The next chapter (1 Samuel 29:1-11) follows up the more public course of things which had been interrupted by the melancholy episode of the forlorn, and one may say apostate, king Saul. Here the Philistines are seen mustering in thousands, while the Israelites pitch by a fountain in Jezreel. Now it becomes a question of David. What was he about? "And the lords of the Philistines passed on by hundreds, and by thousands: but David and his men passed on in the rereward with Achish. Then said the princes of the Philistines, What do these Hebrews here? And Achish said unto the princes of the Philistines, Is not this David, the servant of Saul the king of Israel, which hath been with me these days, or these years, and I have found no fault in him since he fell unto me unto this day?" But God overruled the matter, and solved the difficulty into which David's unbelief had plunged him. Nor was it a dilemma only, but indeed a horrible sin. What must have been the result to his own spirit, had it not been completely cut short by that grace which held him in by bit and bridle, and, one might almost say, expelled him by the spears of the Philistines. In deep distrust and jealousy they say to Achish, "Make this fellow return, that he may go again to his place which thou hast appointed him, and let him not go down with us to battle, lest in the battle. he be an adversary to us: for wherewith should he reconcile himself unto his master? should it not be with the heads of these men? Is not this David, of whom they sang one to another in dances, saying, Saul slew his thousands, and David his ten thousands?" Powerless before his princes, Achish could only beg David to go in peace, that he might not to his own peril displease the Philistine lords past all power of healing. David sinks to the degradation of entreaty, indeed with somewhat of upbraiding in his tone addressed to Achish, because they did not allow him to go forth against Israel and the king he had so often spared. But Achish stands firm. "So David and his men rose up early to depart in the morning, to return into the land of the Philistines. And the Philistines went up to Jezreel."

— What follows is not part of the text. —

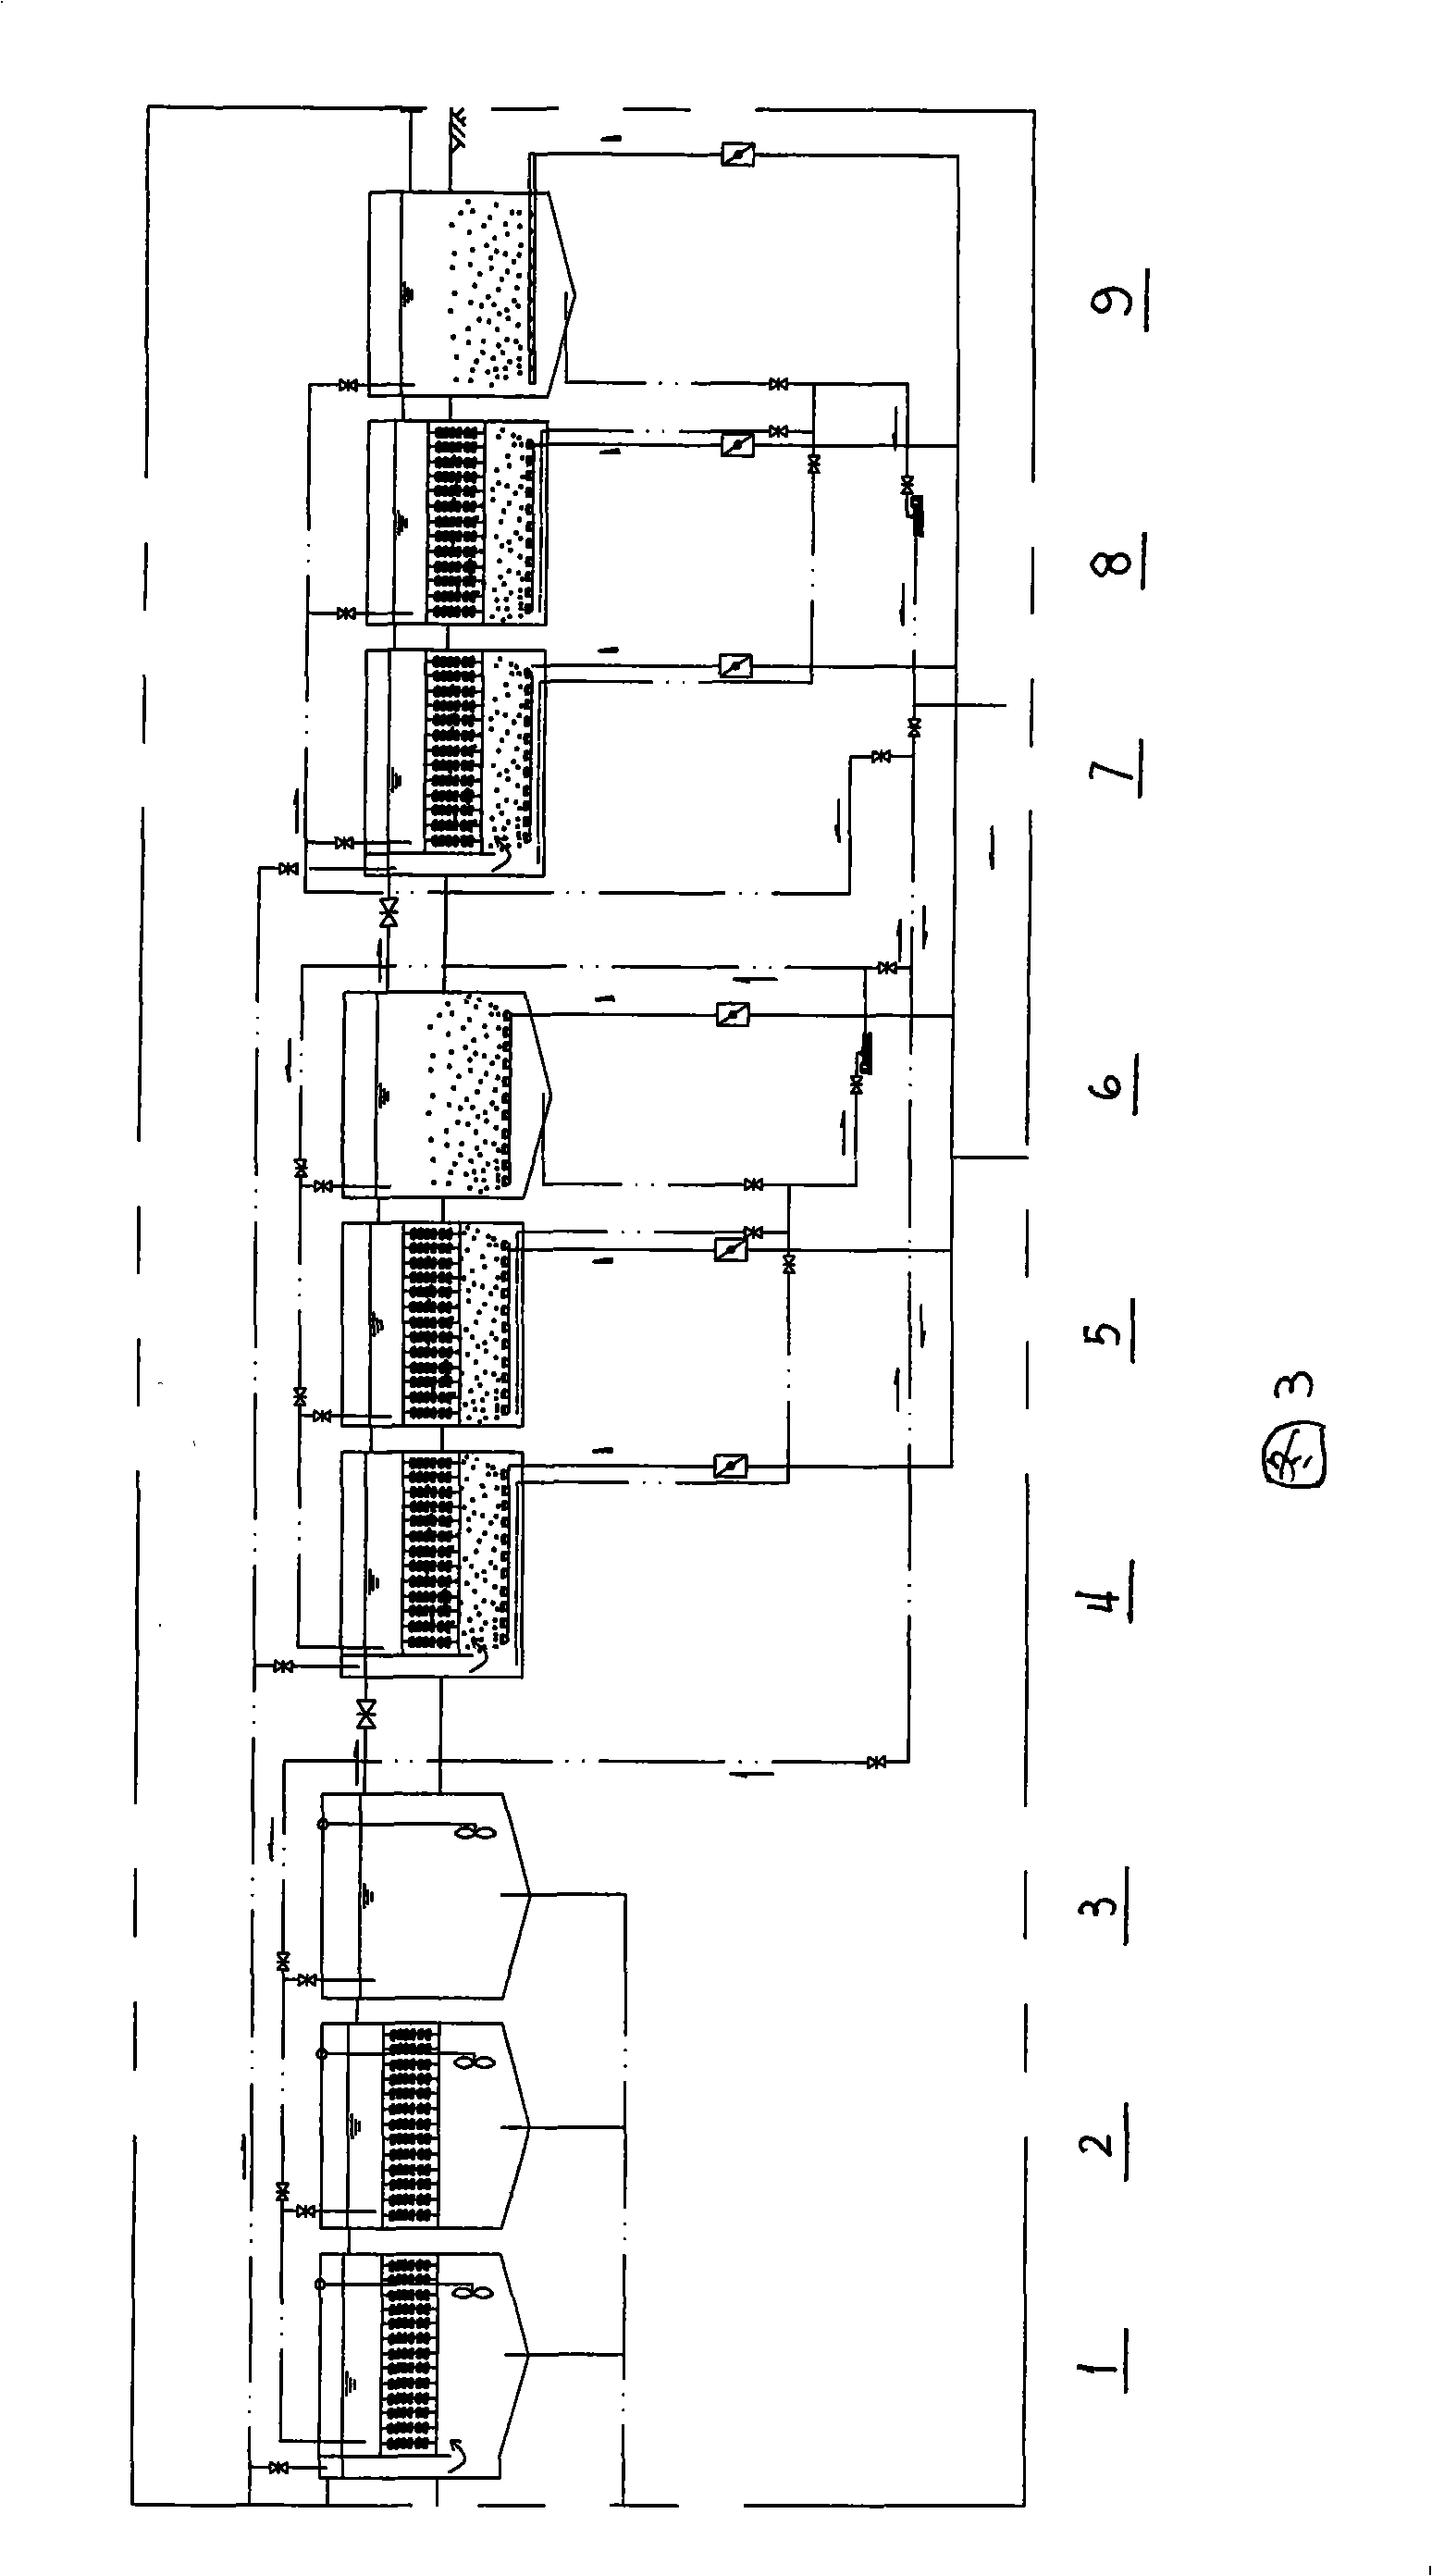 Multi-stage refluxing load control biological process and matched facilities

Deeply interesting as1 Samuel 30:1-31; 1 Samuel 30:1-31 is, at present I must content myself with but few words of comment. It is a scene happily familiar to most Christian readers, a turning-point in the dealings of God with the soul of David, who had slipped far from him. How could it suffice His heart to overrule and keep David back? He loved him too well to leave him as he was. The Amalekites become the instruments of discipline by making a raid on Ziklag, carrying off the wives of David and his men, their sons and their daughters, and everything belonging to them. "So David and his men came to the city, and, behold, it was burned with fire; and their wives, and their sons, and their daughters, were taken captives. Then David and the people that were with him lifted up their voice and wept, until they had no more power to weep. And David's two wives were taken captives, Ahinoam the Jezreelitess, and Abigail the wife of Nabal the Carmelite. And David was greatly distressed; for the people spake of stoning him, because the soul of all the people was grieved, every man for his sons and for his daughters: but David encouraged himself in Jehovah his God."

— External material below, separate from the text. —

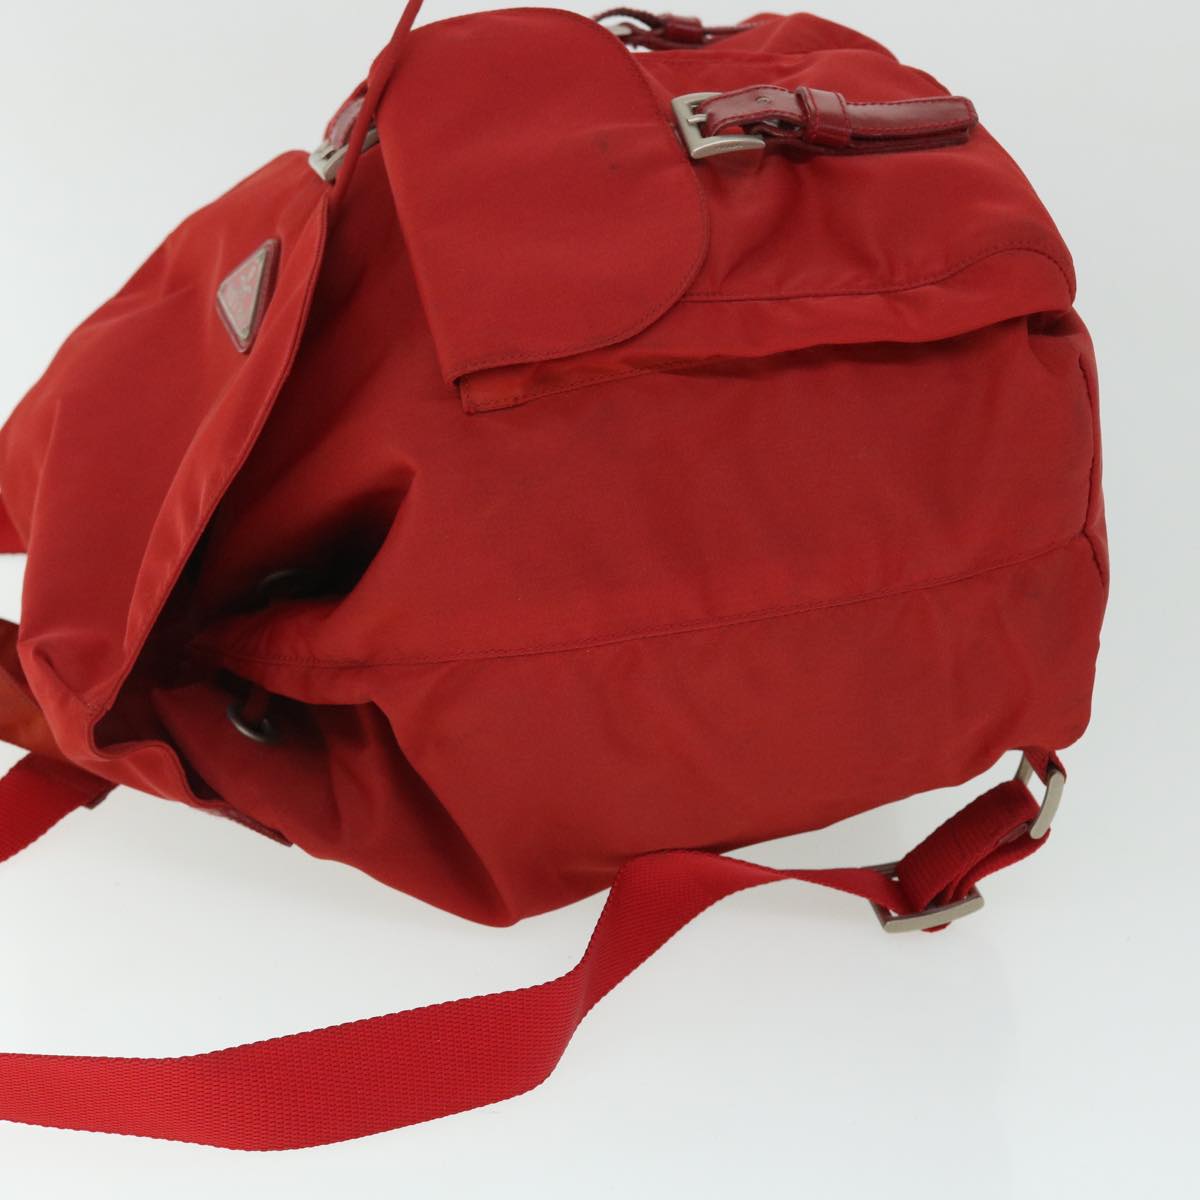 PRADA Backpack Nylon Leather Red Auth bs8103

The man of faith turns to Him whom he had so deeply dishonoured. It was the point of recovery, when deserted and on the point of destruction by his own men, after all else was lost and in Amalek's hands. The last lesson of needed chastening had fallen on his heart. The blow of the Amalekites did not effect it; but that David's men who loved him and whom he so loved should be on the point of stoning him, broke up the great deep, and the mighty pent-up waters flowed, not in judgment, but in grace. His soul was restored. He encouraged himself in Jehovah his God. What would have been despair to a man of the world wrought repentance not to be repented of in David, and turned him simply and completely to the Lord. It was the leper white all over now pronounced clean.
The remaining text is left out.